Two bars of identical mass are at 30 °C. One is made from glass and the other from another substance. The specific heat capacity of glass is 840 J/(kg · C°). When identical amounts of heat are supplied to each, the glass bar reaches a temperature of 95 °C, while the other bar reaches 292.0 °C. What is the specific heat capacity of the other substance?
Q₁=mc₁ΔT₁
Q₂=mc₂ΔT₂
mc₁ΔT₁=mc₂ΔT₂
c₁ΔT₁=c₂ΔT₂
c₁(95-30)=c₂(292-30)
c₂=c₁(95-30)/(292-30)=
=840•65/262 = 208.4 J/kg•°C.
Well, well, well, looks like we have two hot bars on our hands! One made of glass, and the other made of... well, who knows? Let's figure it out, shall we?

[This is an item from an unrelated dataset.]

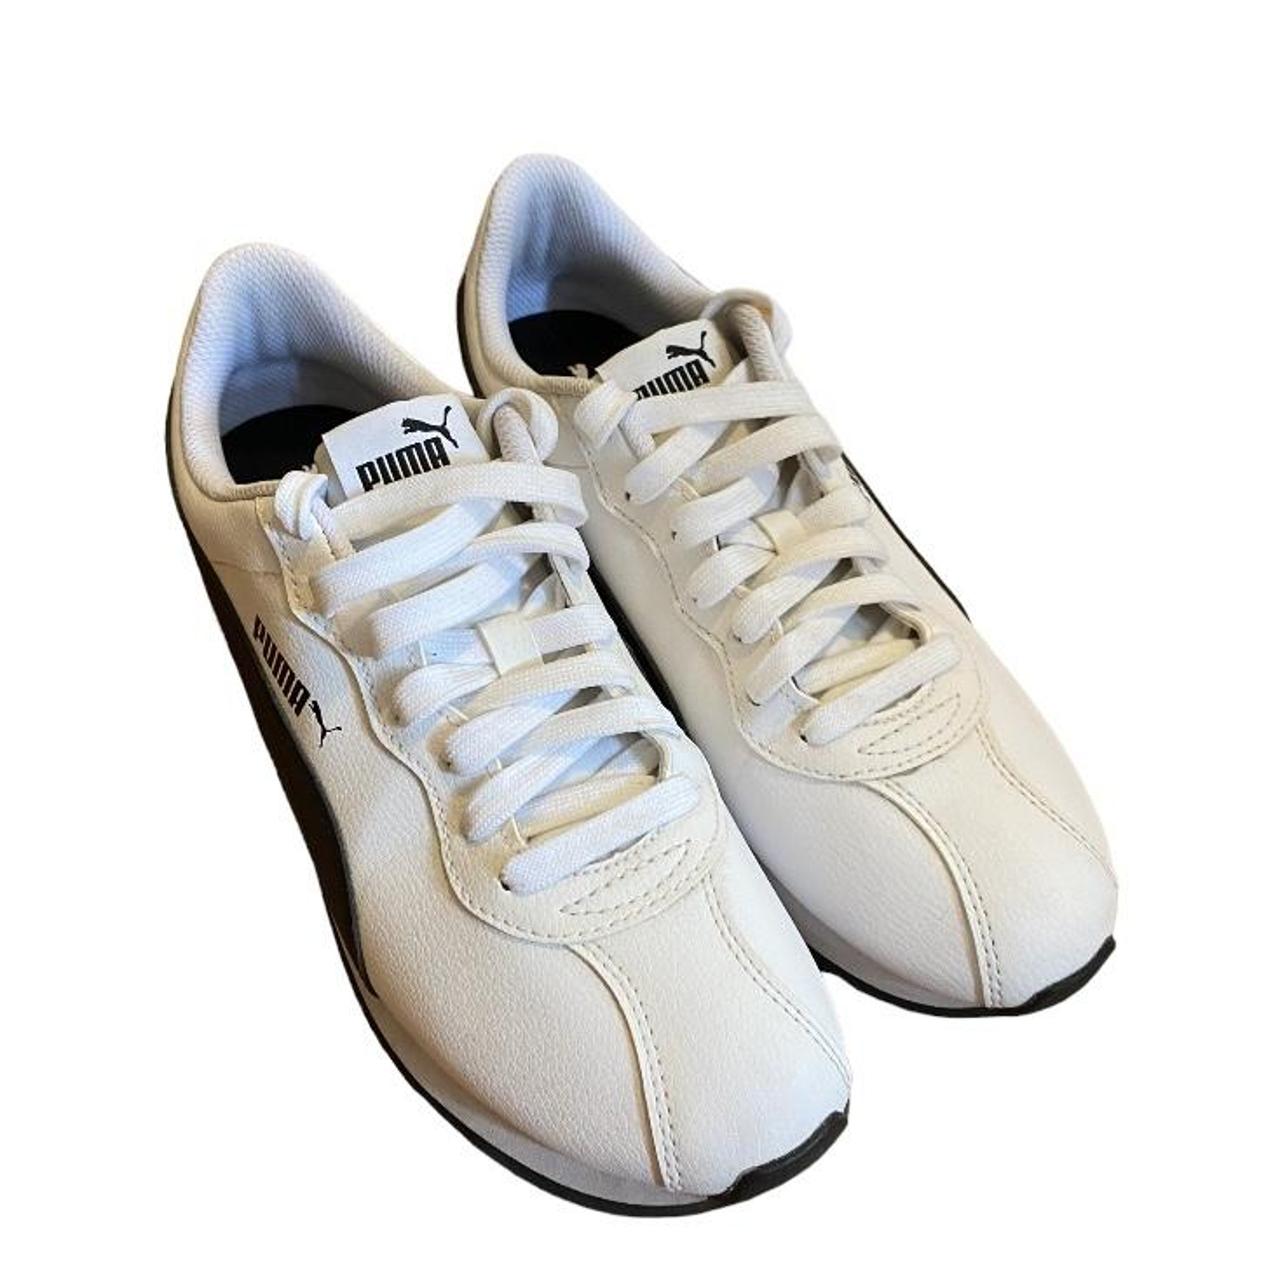 Puma Turin II AC Soft Foam White Casual Sneaker 366775-02 Kids Size 11C |  eBay

First, we need to find the temperature change for both bars. For the glass bar, it goes from 30 °C to 95 °C, so the temperature change is 95 °C - 30 °C = 65 °C. As for the other bar, it goes from 30 °C to 292 °C, so the temperature change is 292 °C - 30 °C = 262 °C.
Now, let's apply some heat (you better not melt the bars, okay?). We have identical amounts of heat supplied to both bars, but they reach different temperatures. So, we need to consider their specific heat capacities.
For the glass bar, the specific heat capacity is given as 840 J/(kg·C°). Since we don't know the mass of the bars, we can call the mass m and assume it cancels out when comparing the two bars.
Using the formula Q = mcΔT (Q is the heat supplied, m is the mass, c is the specific heat capacity, and ΔT is the temperature change), we have:
Q for the glass bar = mcΔT
Q for the other bar = mc'ΔT
Since the heat supplied to both bars is identical, we have:
mcΔT = mc'ΔT
The masses cancel out, leaving us with:
cΔT = c'ΔT
Simplifying further, we have:
c = c'
So, the specific heat capacity of the other substance is the same as that of glass, specifically 840 J/(kg·C°).
And there you have it! Now you know the hot gossip on the specific heat capacity of the other bar. It's just as cool as glass.
To solve this problem, we can use the formula for heat transfer:
q = mcΔT
where q is the heat transfer, m is the mass, c is the specific heat capacity, and ΔT is the change in temperature.
Let's assume both bars have the same mass, so we can cancel out the mass term from the equation.
Now, we can focus on the two cases separately:
1. For the glass bar:
q1 = c1 * ΔT1
where c1 is the specific heat capacity of glass, and ΔT1 is the change in temperature of the glass bar.
Given that ΔT1 = 95 °C - 30 °C = 65 °C, and c1 = 840 J/(kg · °C), we can calculate q1.
2. For the other substance bar:
q2 = c2 * ΔT2
where c2 is the specific heat capacity of the other substance, and ΔT2 is the change in temperature of the other substance bar.
Given that ΔT2 = 292.0 °C - 30 °C = 262.0 °C, we can calculate q2.
Since both bars are supplied with identical amounts of heat, we can assume that q1 = q2.
Now, we can equate the two equations:
c1 * ΔT1 = c2 * ΔT2
Solving for c2, the specific heat capacity of the other substance:
c2 = (c1 * ΔT1) / ΔT2
Substituting the given values, we have:
c2 = (840 J/(kg · °C) * 65 °C) / 262.0 °C
Calculating this equation will give us the specific heat capacity (c2) of the other substance.
To find the specific heat capacity of the other substance, we need to use the formula:
Q = mcΔT
where Q is the heat energy supplied to the substance, m is the mass of the substance, c is the specific heat capacity, and ΔT is the change in temperature.
Since the masses of the bars are identical, we can set up the equation:
mcΔT for glass = mcΔT for other substance
The initial temperature of both bars is 30 °C, so their change in temperature are:
ΔT for glass = 95 °C - 30 °C = 65 °C
ΔT for other substance = 292 °C - 30 °C = 262 °C
We know that the specific heat capacity of glass is 840 J/(kg · C°). Let's assume the specific heat capacity of the other substance is c2. The equation becomes:
m * 840 * 65 = m * c2 * 262
Since the masses of the bars are identical, m cancels out:
840 * 65 = c2 * 262
Now we can solve for c2:
c2 = (840 * 65) / 262
Calculating this gives us:
c2 = 210 J/(kg · C°)
Therefore, the specific heat capacity of the other substance is 210 J/(kg · C°).